Transcribe each line of the material as it is, and drop any picture.

__Data section__.

::::::::

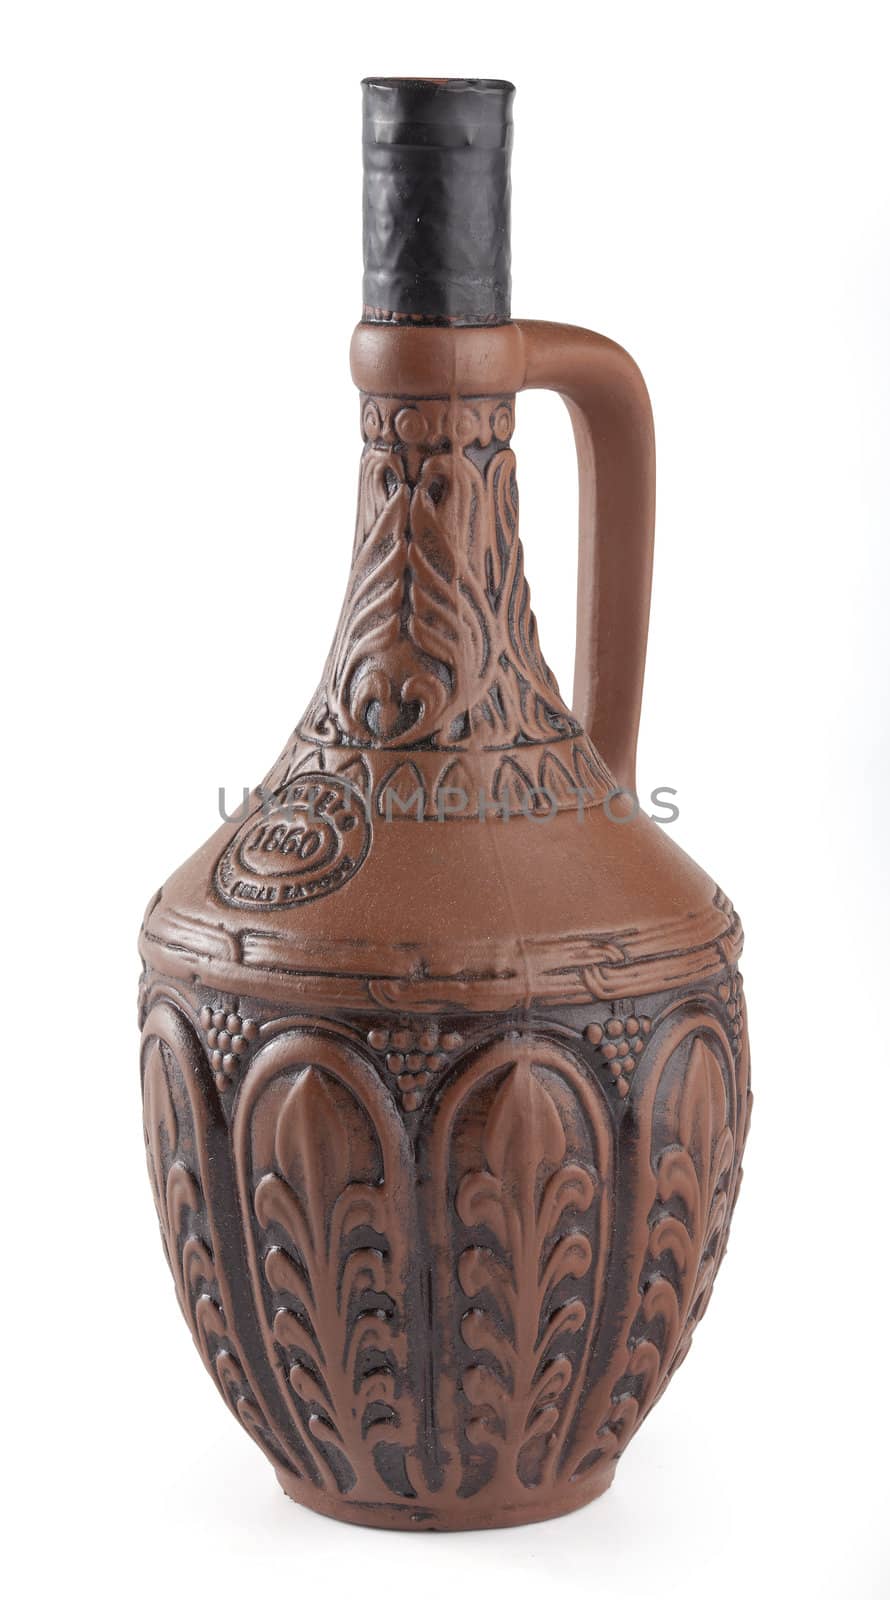 Clay jug by Angorius
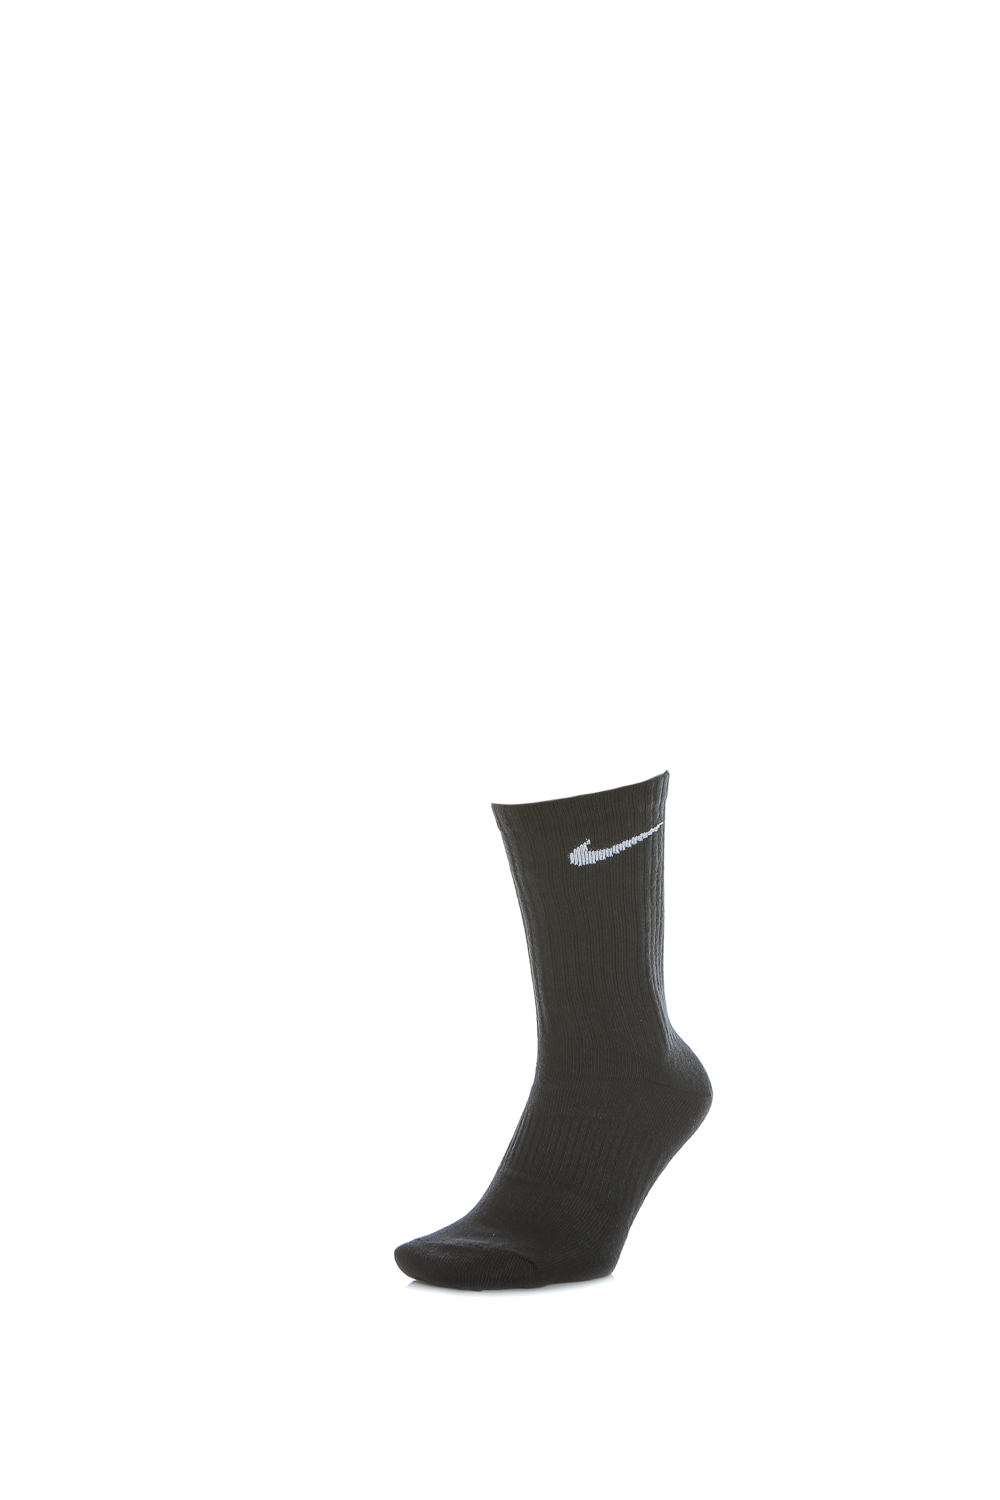 NIKE - Σετ κάλτσες NIKE μαύρες Γυναικεία/Αξεσουάρ/Κάλτσες
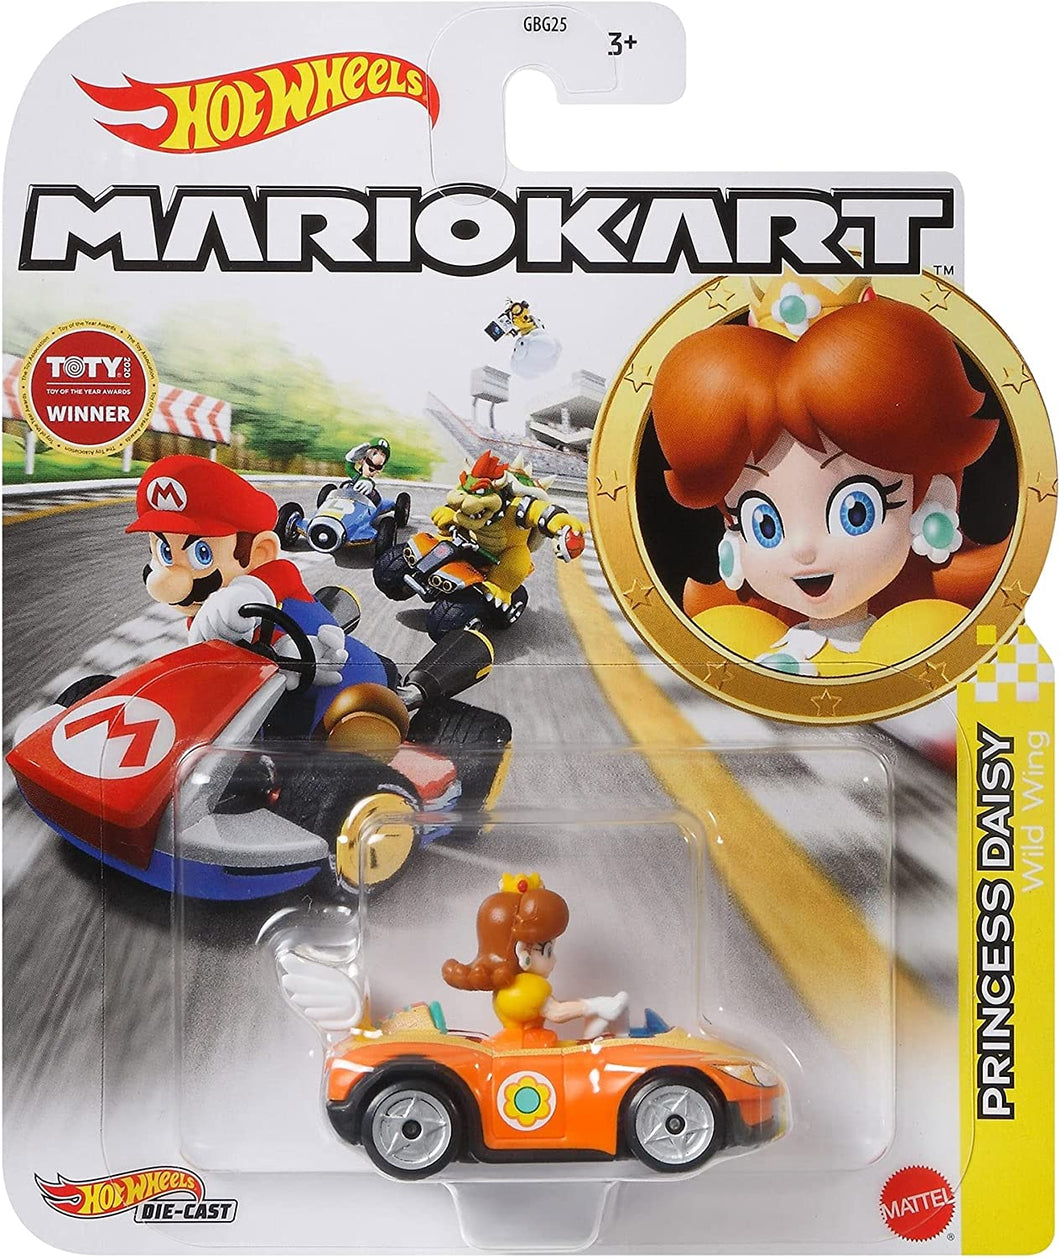 Hot Wheels Mario Kart Princess Daisy Wild Wind
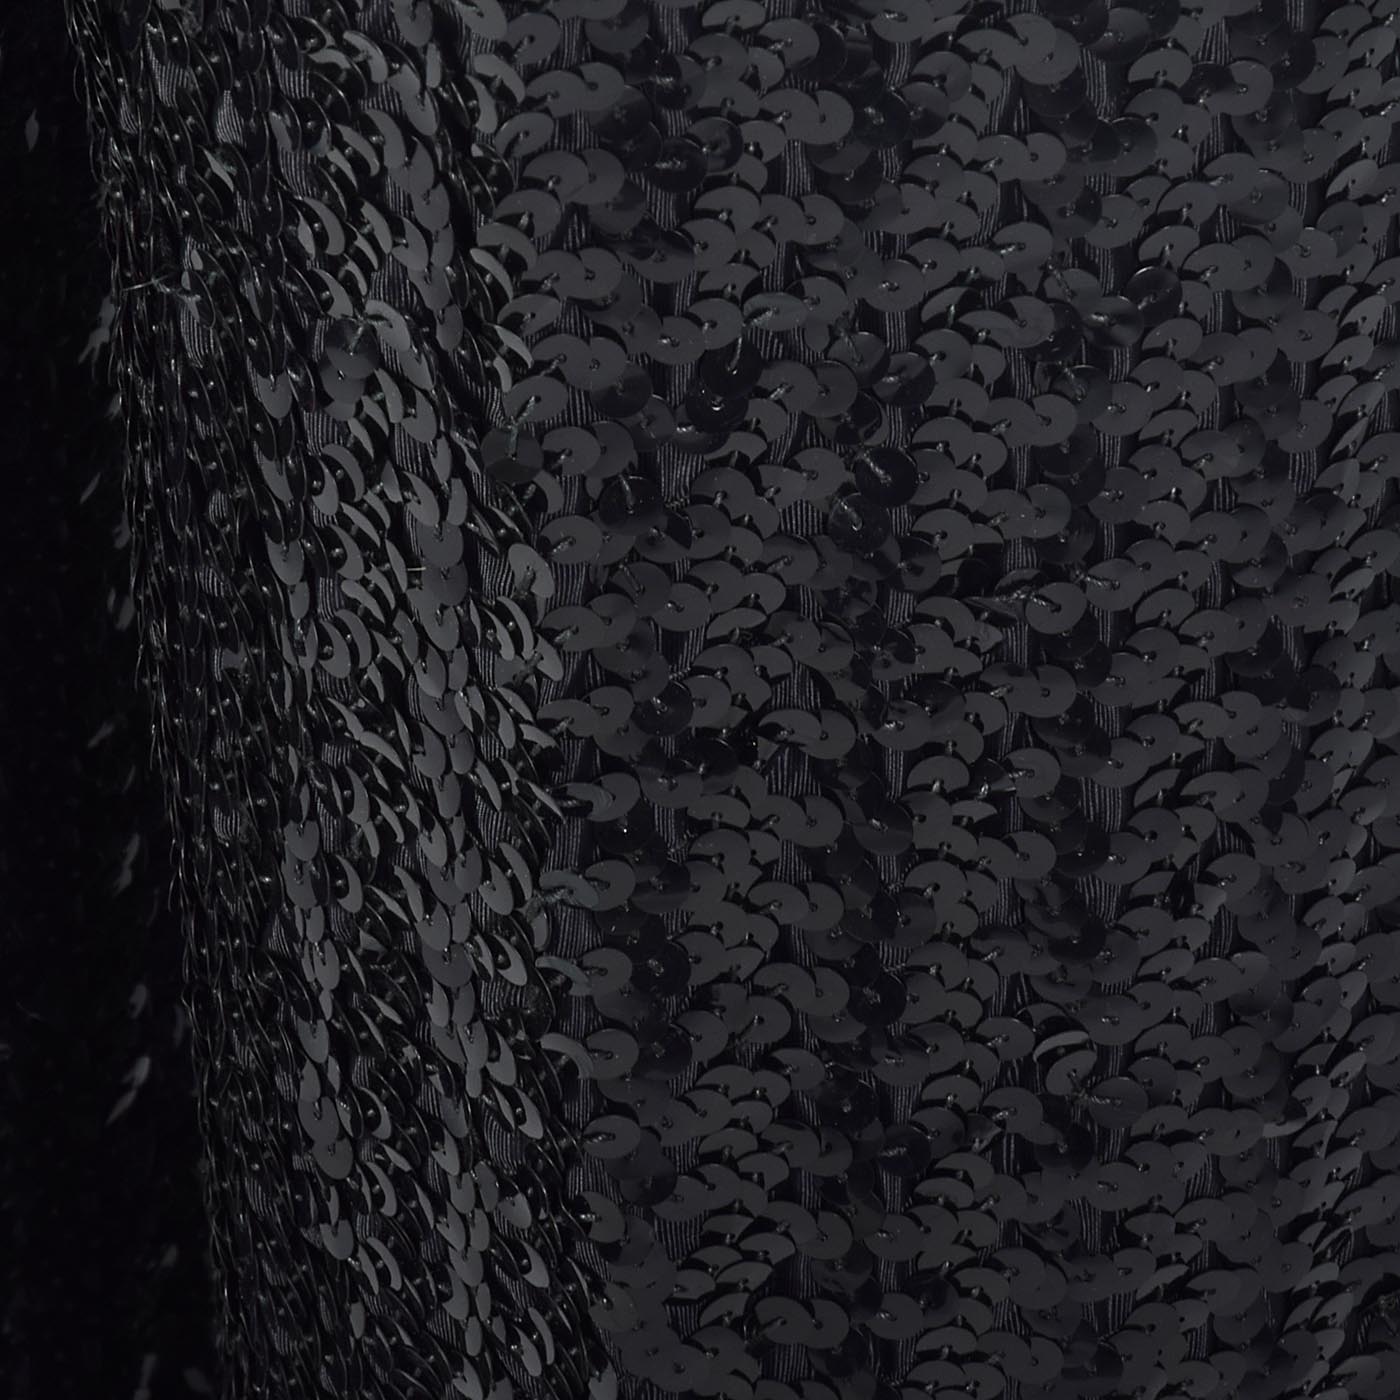 1970s Saks Fifth Avenue Black Sequin Evening Pants

::::::::

__Task output__.
 Clay jug by Angorius
 NIKE - Σετ κάλτσες NIKE μαύρες Γυναικεία/Αξεσουάρ/Κάλτσες
 Hot Wheels Mario Kart Princess Daisy Wild Wind
 1970s Saks Fifth Avenue Black Sequin Evening Pants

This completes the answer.